Once, during a dark time in my life, I lived with my sister in Tacoma in a super-sketchy apartment complex for a couple of months.
While my sibling worked late hours at her nursing residency, I often spent my down time watching cable and wondering what the hell I was doing with my life.
One night, my channel surfing led me to an episode of COPS. As the folks in blue cuffed the perpetrator—on this night a drunk dude who was in trouble for slapping his baby mama and walking around outside without his pants on—I thought the surroundings looked familiar. I was right: When my sister walked in the door, she noted, “Oh, this is the episode that took place a few doors down from me.”
Suffice it to say I got my behind out of Tacoma soon after that. And now, years later, I can see the inherent humor in the situation.
While it’s true that in many cases law enforcement is no laughing matter, the brilliant minds behind the mockumentary Comedy Central show Reno 911 proved that, once in a while, poking fun at those who do stupid things and get arrested for it can make for good entertainment.
Of course, anyone who watched the now-defunct series knows the biggest laughs came from the parody of the cops, a perverse bunch of men and women who slept on the job, slept with others on the job, cursed, drank and generally proved themselves to be unfit for duty.

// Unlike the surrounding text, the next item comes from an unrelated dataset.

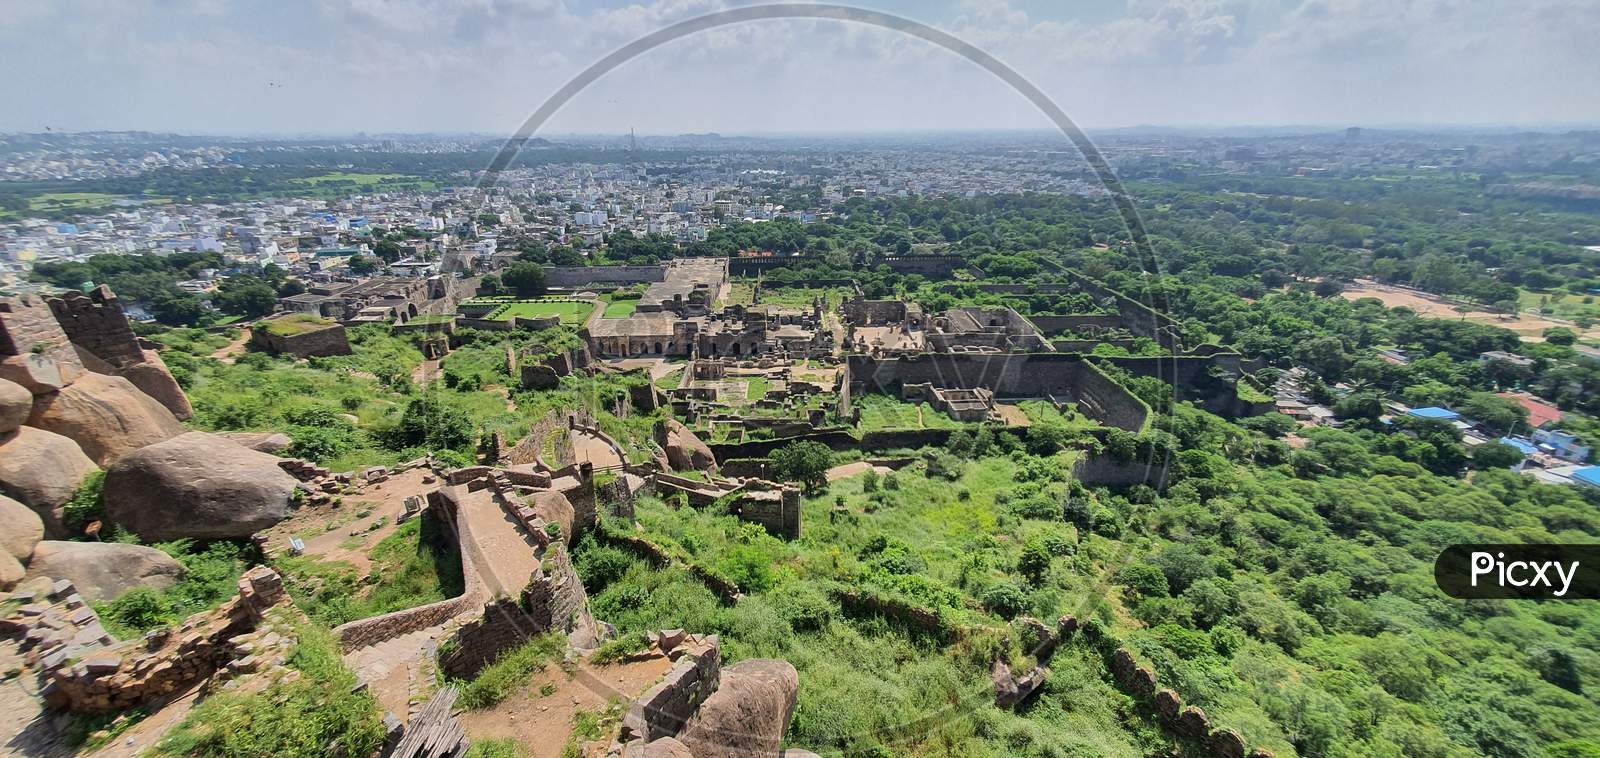 Golconda Fort - Scenic wonder of Hyderabad

Which brings us to “COPS 911,” a show playing every Friday and Saturday through May at the Upfront Theatre. Like its predecessors, it brings the voyeurism that is reality television entertainment to the stage, while keeping the shenanigans of the inept badge-carriers intact.
On a recent Friday night, after listening to a reminder that the show was not for young kids and there was a strong chance of “blue” language, the host for the evening—a guy in shady sunglasses and a sheriff’s badge—asked the audience for a list of misdemeanors. Among the gems were spitting, public intoxication, urination, peeping, public nudity, vandalism, possession of illegal substances and shoplifting. Someone yelled out “tax fraud!” but was quickly informed that particular crime didn’t make the cut.

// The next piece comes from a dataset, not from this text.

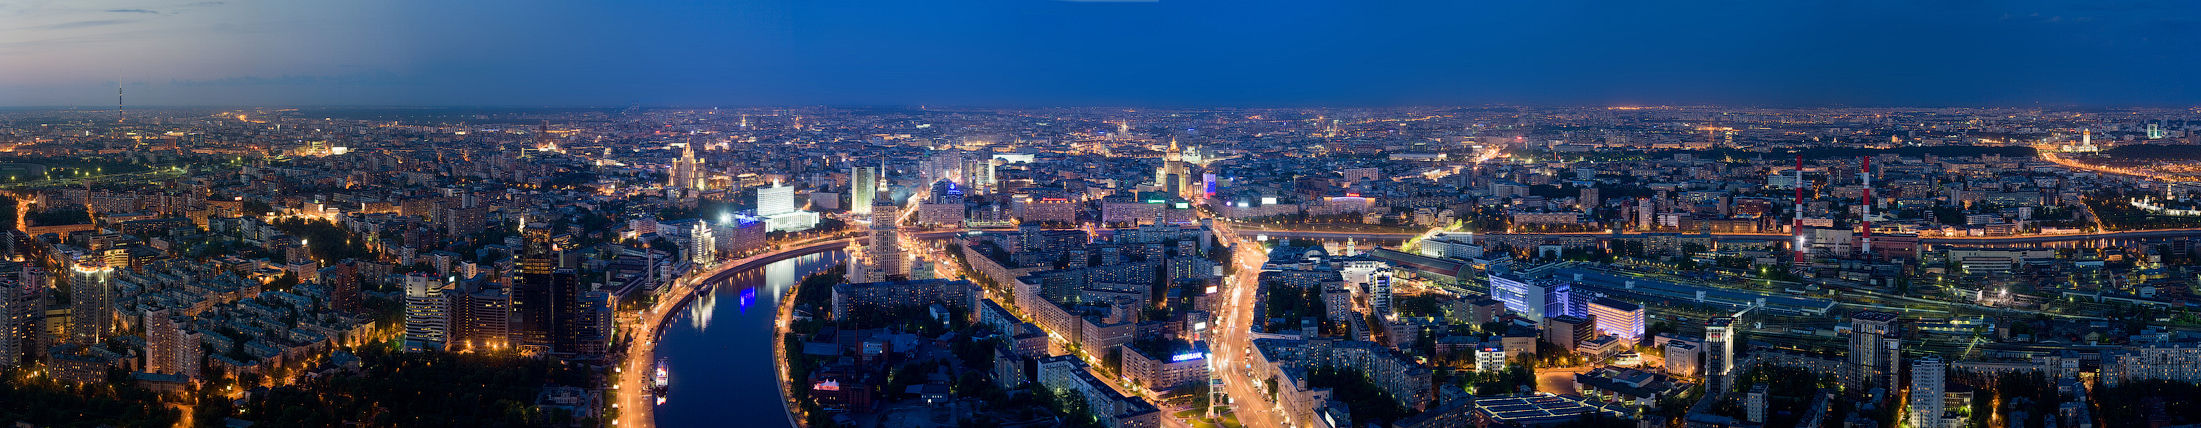 Ночная панорама со смотровой площадки Москва Сити

Once the show got underway, it was soon clear the cops outnumbered the criminals, and those portraying the bad guys would have to pull double duty.
Keeping track of who was who was part of the fun, and I spent the next hour and a half watching the cops—one who complained incessantly that his uniform was too tight, another who dubbed his patrol car the “Phoenix” and bragged about his sexual exploits—respond to streakers at the Co-op, bomb threats, a spray-paint-wielding hooligan and, among other things, a hilarious scuffle between elderly inmates at a retirement center.
“He took my Jello!” one old man yelled as the guys with the badges tried to separate the dueling dodderers. “Well, he took my wife!” the other recounted.
Since the shows are improvised, each showing of “COPS 911” promises to be completely different from what came before it—so rest assured you’ll get a fresh batch of crimes and officer quirks each time around.
And, although it’s poking fun at the funny side of breaking the law, the show also gives props to those who work in the enforcement aspect of it. By flashing a real, or fake, badge at the door, you’ll get it for a measly $5. That’s so cheap, it’s almost a crime.